Obviously, I had to try my hand at making banh mi for myself. If you do a google search for banh mi, you’ll find hundreds of recipes. Each claim to be the absolute best, and many have some obscure, expensive ingredient they claim is absolutely necessary for authentic banh mi. Obviously, that may be true. I’ve never been to Vietnam and don’t claim that anything I make is authentic. All I want to do is bring you easy, cheap, unfussy recipes that taste delicious. I want to work around specialty ingredients and emphasize healthy ingredients used simply. I want to show you how to cook meals. Many of my friends are just now moving out on their own and are still intimidated by the kitchen. I want to show you that cooking doesn’t have to be for Instagram models and stay-at-home moms.

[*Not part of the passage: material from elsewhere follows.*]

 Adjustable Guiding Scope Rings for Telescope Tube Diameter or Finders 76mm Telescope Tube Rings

To that end, I wanted to make lemongrass beef for these sandwiches, but when I went to the store, I couldn’t find any lemongrass. I’m sure that even if I had, I wouldn’t have bought it because it would have been to expensive to justify for one recipe. So, this recipe calls for marinating the beef with a full lemon. You’ll cut it into quarters, squeeze out the juice, and then just stick the whole peel in with the beef. Simple, but effective enough.
Also, this recipe calls for quick-pickled carrots. I wanted something that was easy and fast. To that end, you’ll cut the carrots into thin strips, and then boil in vinegar for 4 minutes. To cut the carrot, start by carefully cutting off one side so you have a flat surface to work with.

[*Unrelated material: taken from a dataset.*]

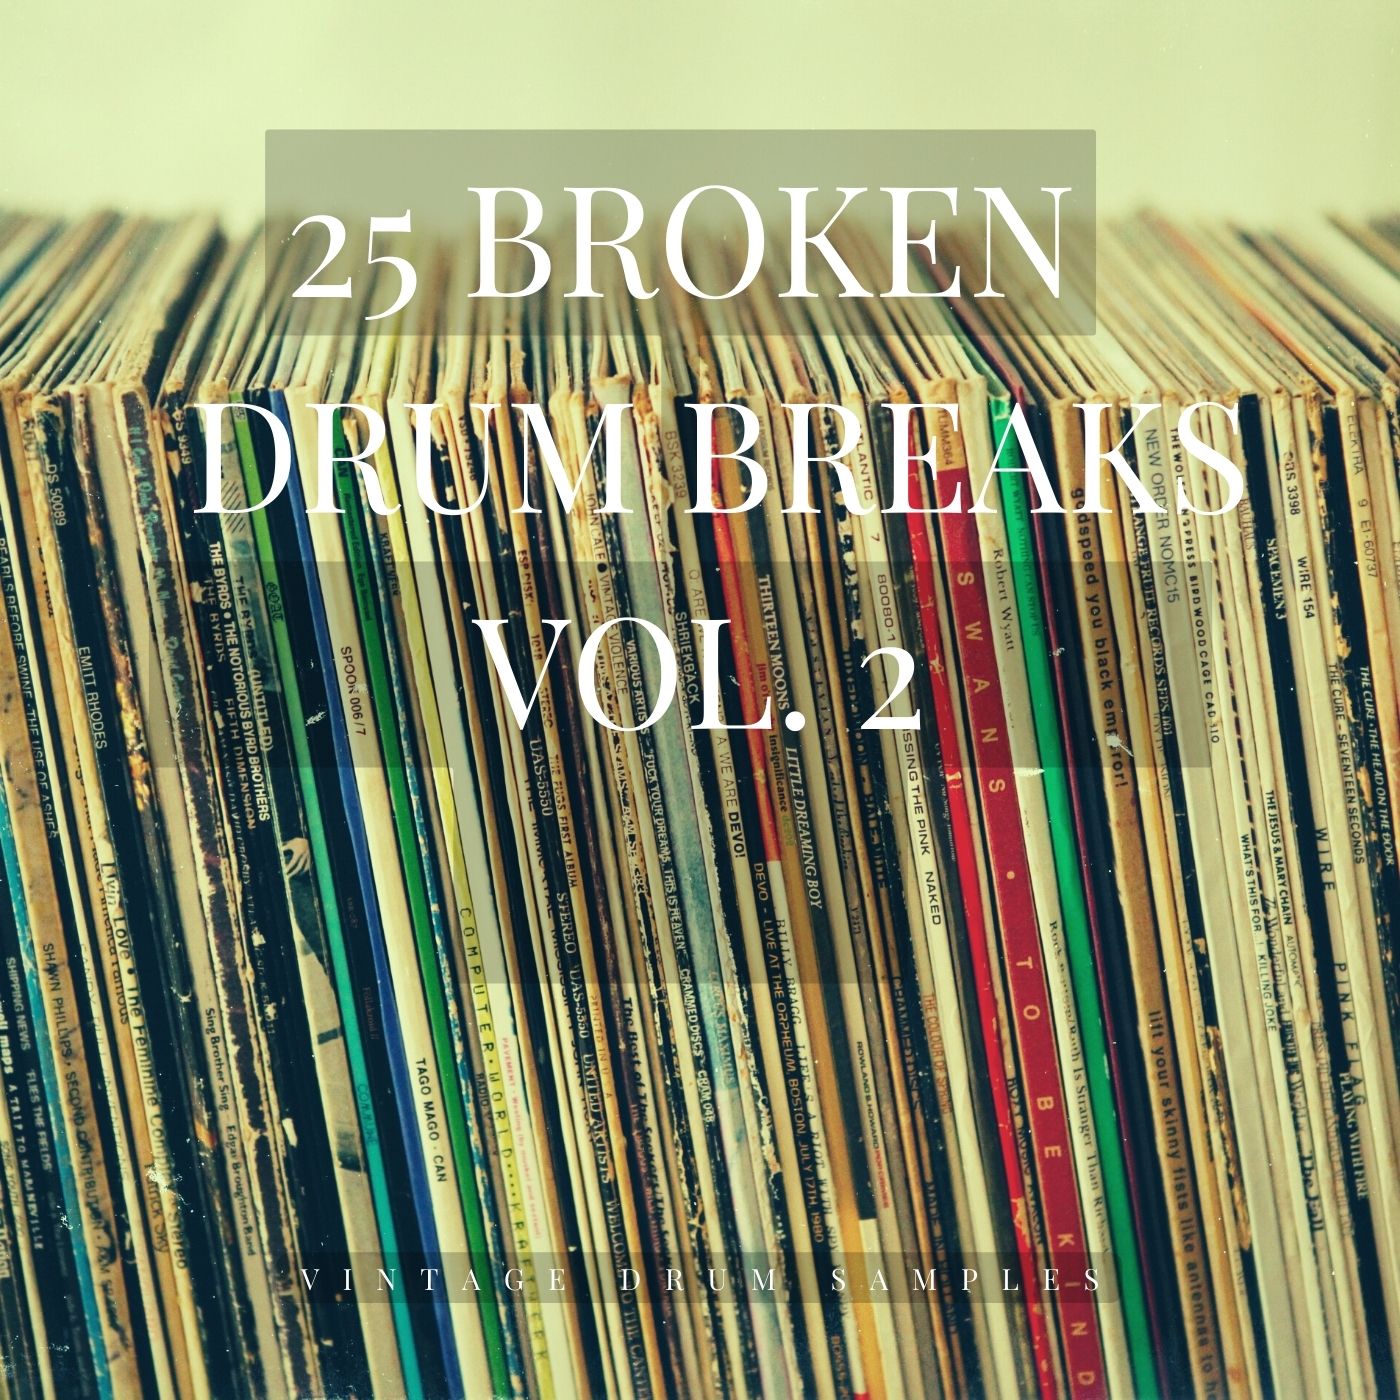 Vintage Drum Samples - Broken Drum Breaks Vol. 2 [Marketplace]

Then, just cut it into strips and then more strips.
Difficulty: Medium. The indiviual steps are easy, but there are a lot of them.
- 1/2 pound steak (I used chuck roast, it’s cheap to begin with and cheaper on manager’s special)
- 1 lemon
- 2 tablespoons soy sauce
- 3 tablespoons white sugar
- 3 garlic cloves, minced
- 1 loaf french bread (I like to get the ‘takenbake’ kind. It’s half-baked in store and you finish it at home)
- 3 large carrots
- 1/2 cup white vinegar
- 1 medium cucumber
- 1 bunch cilantro
- 1/4 cup mayonnaise
- 1 tablespoon red pepper flakes (or more or less to taste)
- Marinate the steak. Slice the steak as thin as you can, against the grain. Place in a bowl. Slice the lemon into quarters, and then squeeze into the bowl with the steak. Place the lemon rind in with the steak as well, then add the soy sauce, sugar, and garlic. Marinate for an hour or so.
- Bake the bread. Bake the bread according to the directions on the package.
- Quick pickle the carrots. Slice the carrots as described above. Place the vinegar and sliced carrots in a pan, and place over high heat. Boil for about 5 minutes, or until kind of soft. Let cool. Make sure that your kitchen is well-ventilated when you do this.
- Slice the cucumber. Slice the cucumber as thin as you can.
- Make the mayonnaise. Mix the mayonnaise and red pepper flakes.
- Cook the beef. Heat a pan over medium-high heat. Add a teaspoon of oil, and once the oil starts to shimmer, and add the beef. Cook for about 6/7 minutes, or until cooked thoroughly.
- Assemble the sandwich. Slice the bread lengthwise. Spread the mayonnaise on the bread, add the cucumber, beef, and carrots. Add the cilantro, and serve and enjoy!